# Canon pricing



## islander (Sep 6, 2011)

The 1Ds MK3 is listed as low as $6599 in Canada but no stock. If Canon is to come out with a new model typically whats the trend in terms of pricing. Would the new MK4 (if that's what it's called) generally be priced well over the past model and take several months to drop? Curious if anyone knows how the higher end digital cameras were priced with Canon.


----------



## DJL329 (Sep 6, 2011)

islander said:


> The 1Ds MK3 is listed as low as $6599 in Canada but no stock. If Canon is to come out with a new model typically whats the trend in terms of pricing. Would the new MK4 (if that's what it's called) generally be priced well over the past model and take several months to drop? Curious if anyone knows how the higher end digital cameras were priced with Canon.
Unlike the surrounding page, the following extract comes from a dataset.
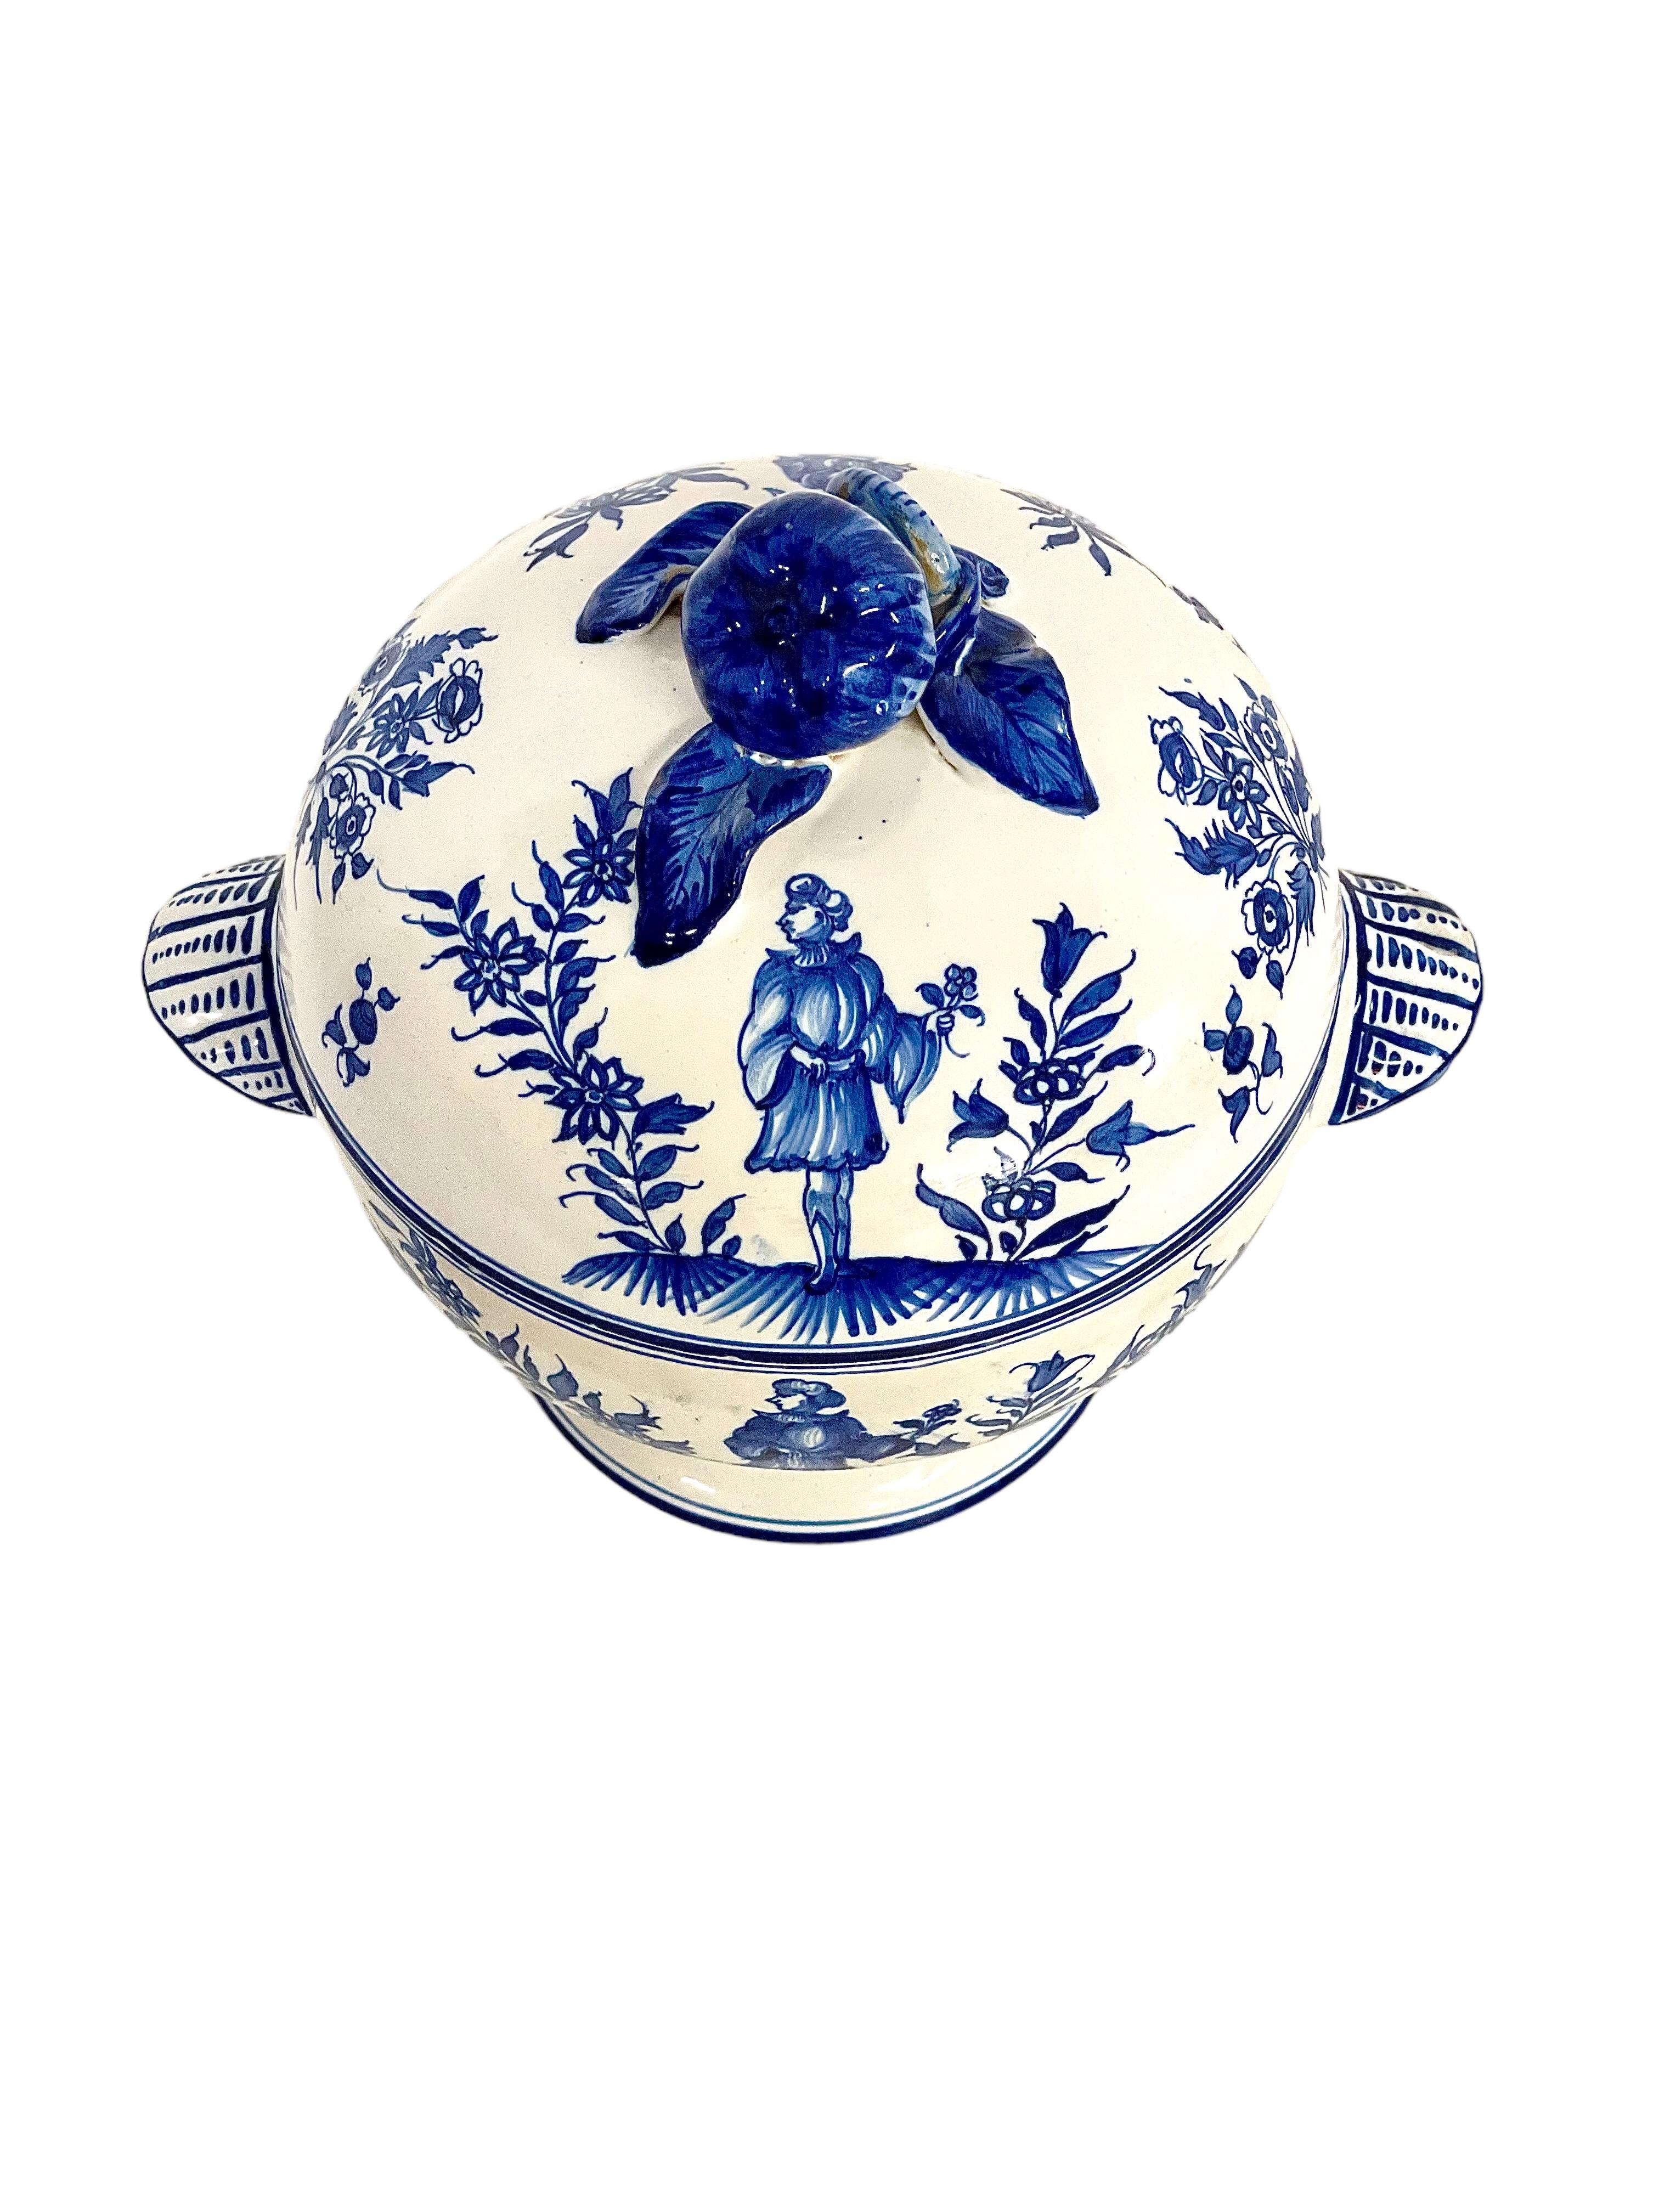 Blue and White Earthenware Lidded Tureen with Fantastical Decoration For Sale 2

When the 1Ds Mark III was originally released, it was $7,999 (US). Here's a link to a press release from 2007. The original price is listed about a page down, right above the section titled "*History*."

http://www.imaging-resource.com/PRODS/E1DSMK3/E1DSMK3A.HTM

Judging by the increased cost of the new "L" lenses (70-200mm f/2.8L II, 300mm f/2.8L II and 400mm f/2.8L II), the replacement will be more than $8,000.


----------



## CanineCandidsByL (Sep 7, 2011)

I haven't looked too hard, but generally I noticed about a 20% increase in price for the new models of canon's more expensive gear. Thats about 9600 (1.2 * 8000). Not sure if that can hold in the current economy, but I would be prepared for a camera near the 10k mark. I'm really hoping they make it at the same 8k though.


----------



## islander (Sep 8, 2011)

Thanks for the responses-I located a new MK3 and it's on it's way, should arrive tomorrow.


----------